Pipestone has achieved certification of all its production from its
Montney asset under the Equitable Origin EO100TM Standard for
Responsible Energy Development. Pipestone shares trade under the
symbol PIPE on the TSX. For more information, visit
www.pipestonecorp.com.
Pipestone Energy Contacts:
Paul WanklynPresident and Chief Executive Officer(587)
392-8407paul.wanklyn@pipestonecorp.com |
Craig NieboerChief Financial Officer(587)
392-8408craig.nieboer@pipestonecorp.com |
Dan van KesselVP Corporate Development(587)

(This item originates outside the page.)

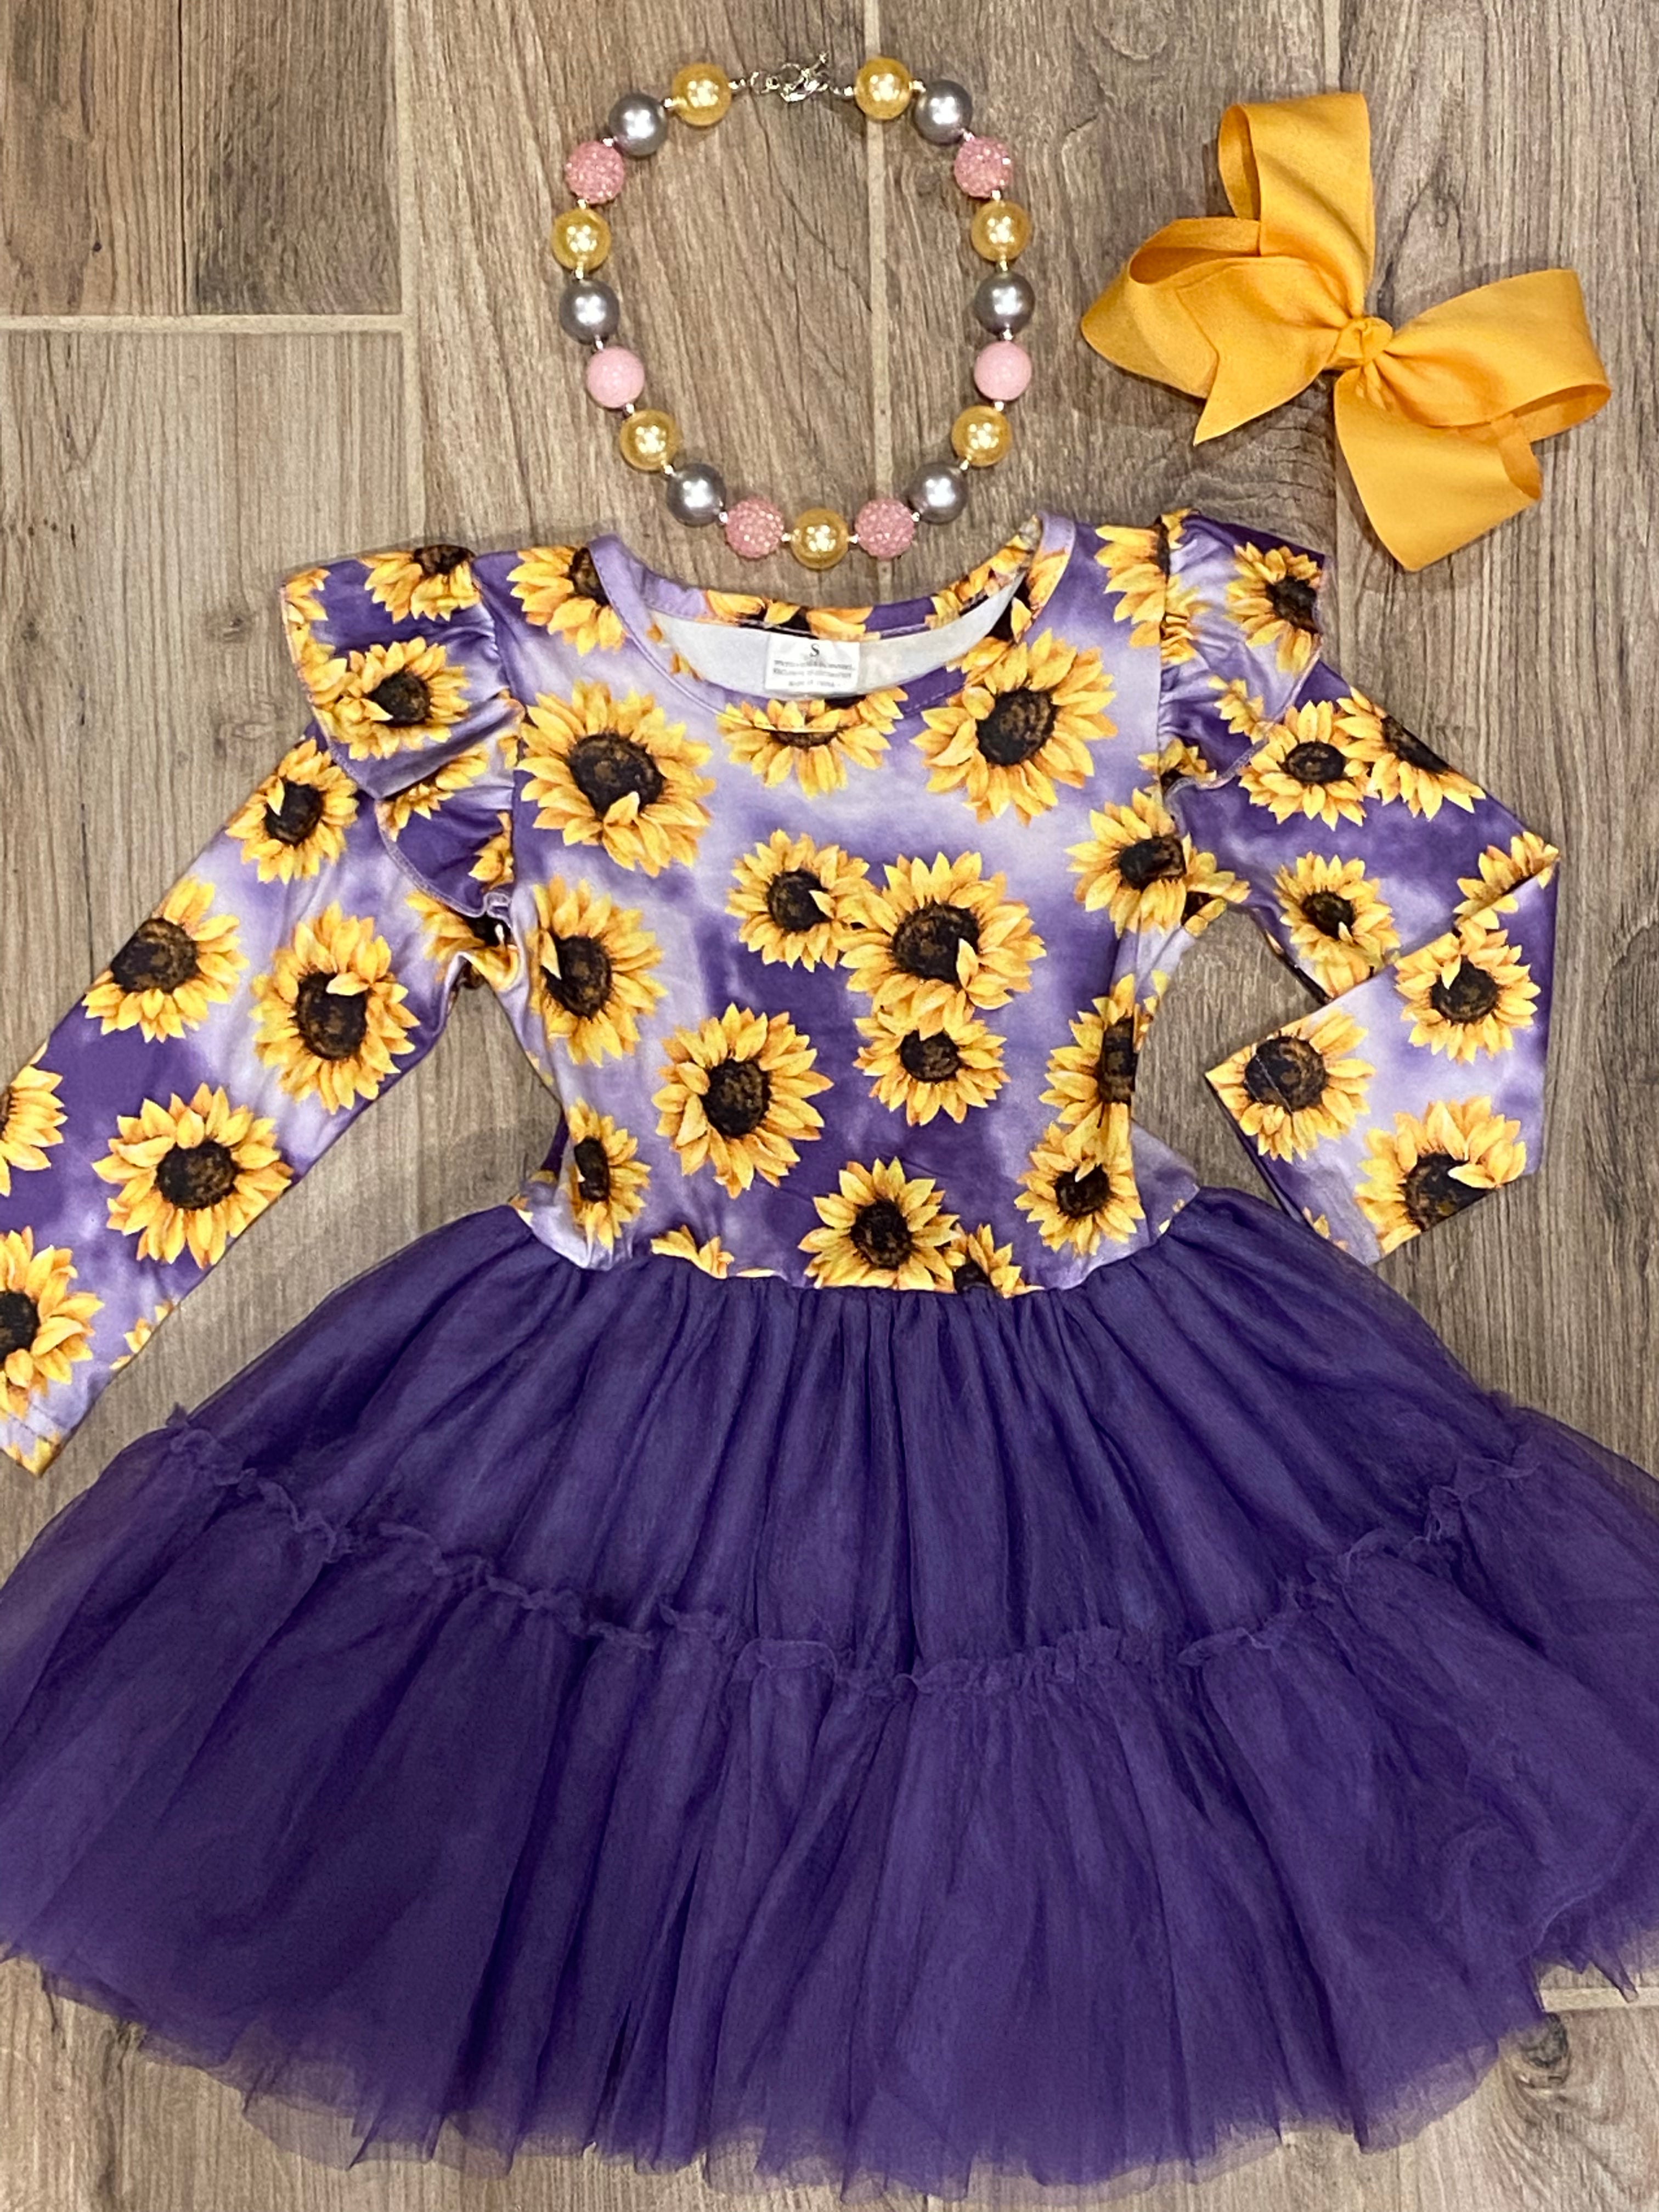 Dress - Sunflower Purple Tulle - Crazy Cute Bowtique

392-8414dan.vankessel@pipestonecorp.com |
|
Advisory Regarding Non-GAAP
Measures
Non-GAAP measures
This press release includes references to
financial measures commonly used in the oil and natural gas
industry. The terms ”adjusted funds flow from operations”, “free
cash flow”, “operating netback”, “net debt”, “NAVPS” and “recycle
ratio” are not defined under IFRS, which have been incorporated
into Canadian GAAP, as set out in Part 1 of the Chartered
Professional Accountants Canada Handbook – Accounting, are not
separately defined under GAAP, and may not be comparable with
similar measures presented by other companies. The reconciliations
of these non-GAAP measures to the nearest GAAP measure are
discussed in the MD&A dated November 9, 2022, a copy of which
is available electronically on Pipestone’s SEDAR profile at
www.sedar.com.
Management of the Company believes the
presentation of non-GAAP measures and non-GAAP ratios provides
useful information to investors and shareholders as the measures
provide increased transparency and the opportunity to better
analyze and compare performance against prior periods.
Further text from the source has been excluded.